Why do we not hear more cosmopolitan voices such as yours coming out of Pakistan?
 
Well, from my generation we have Kamila Shamsie and Uzma Aslam Khan among others. Recently a number of young writers have been in touch with me and I think we will see a blossoming of Pakistani writing in the coming years.
 
You've written about your discomfort with the chest-thumping aspect of Indian nationalism. What about that most disturbs you?
 
The notion of jingoism is troubling to me. The official state policy of India used to have a humility associated with it and the abandonment of that for this "we are so great" and "India Shining" talk is disturbing.
 
There are a lot of good things happening here, but that shouldn't blind us to the fact that more than half of the country doesn't get enough food. That is "India Starving", and these glib pronouncements overlook this.
 
What aspects of modern Pakistan are you uncomfortable with?
 
In the Musharraf regime, the increasing desire to cling to power regardless of the political cost, and the decidedly undemocratic gestures in terms of undermining the judiciary and moving against the press. Musharraf could have laid the ground for a democratic transition in Pakistan, but that didn't happen.
 
What Pakistan needs is a conversation between all of its parts: between the secular progressive minority, the religious conservative minority and the vast, relatively moderate, pragmatic and quietly religious majority of farmers. And the army, which is a very important constituent and which must be engaged.
 
How do you divide your time between your writing and your decidedly un-writerly job as a consultant?
 
I work three days a week "" the rest of my time I spend writing. Consultancy is my primary source of income "" you need to pay the rent if you're writing a novel!
 
In India, many writers who have full-time jobs in unrelated professions are not taken very seriously as literary writers.
 
My question would be, "Do they want to be taken seriously?" Much of the writing in the world has the good sense not to try to be literary "" because "literary" at the end of the day is defined as books that sell very little! No one cares whether Harry Potter is literary or not; he reaches more readers than all of South Asian writing put together ever has.
 
Also, literary novels require a certain kind of mindset "" a psychological make-up that fits very poorly with the work-world. The mind best suited for the construction of very large and complex internal universes tends not to be particularly gregarious or social.
 
So how do you inhabit both worlds?
 
I do think about writing full-time. But the financial viability isn't the only aspect I have to consider. To be honest I'm a little frightened by the idea of living my life in my room by myself, just writing. At the end of the day, the fact that I have my time with my wife keeps me grounded, keeps me socially interactive. Similarly, I think families can do that, having your parents and families around, your social network in place.
 
Islam is often seen as a religion that lends itself to being misused to suit fundamentalist interests.
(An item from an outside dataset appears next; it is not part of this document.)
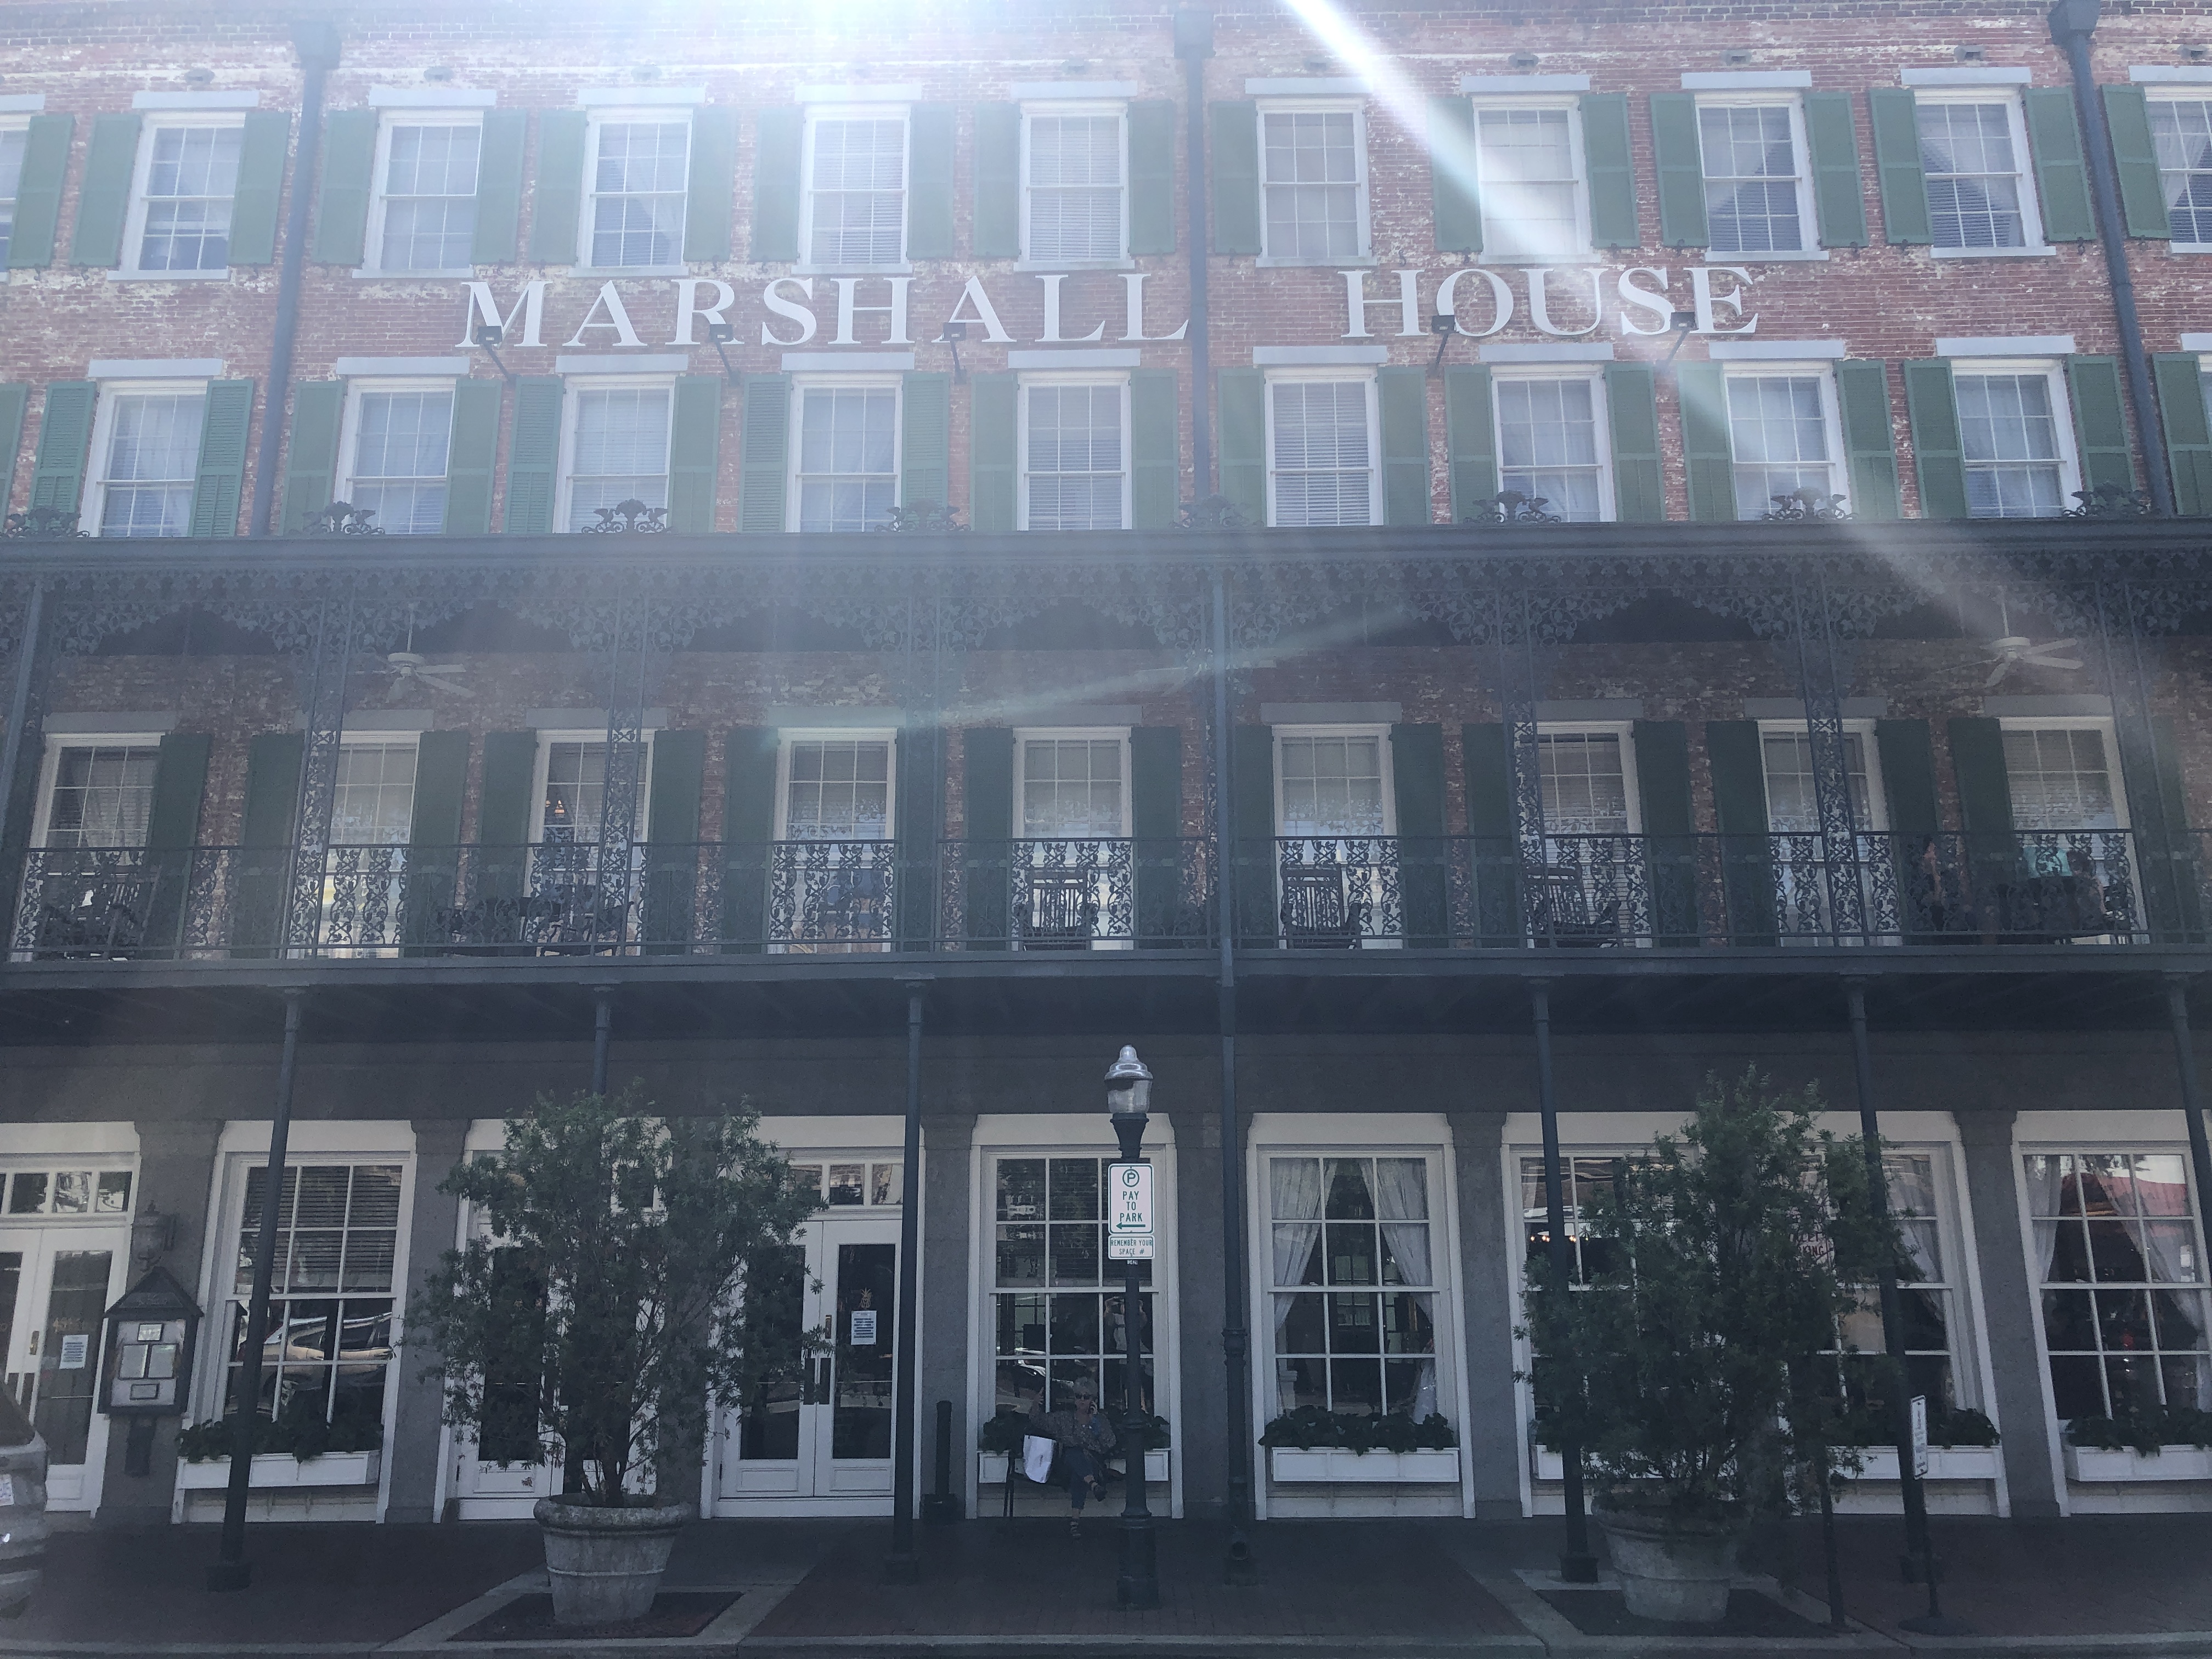 Marshall House Hotel - #1 Ghost Tour

Your views on this?
 
There are over a billion different Muslims. How do we generalise about a fifth of the world's population? The very effort to do so says more about the generalisers. Did you know that the number one talk-show host in Pakistan, Begum Nawazish Ali, is a transvestite?
 
Conservative politicians appear on his show, are grilled by him and even flirt with him. That is part of the complexity, which makes it unfortunate that many perceptions of the Muslim world are so one-sided. What do we call the young kids who are doing Ecstasy at rave parties in Lahore?
 
What do we call the fishermen who don't even know their prayers? It's such a diverse group of people. These attempted characterisations are problematic. It comes from the human need to look for patterns, to label everything.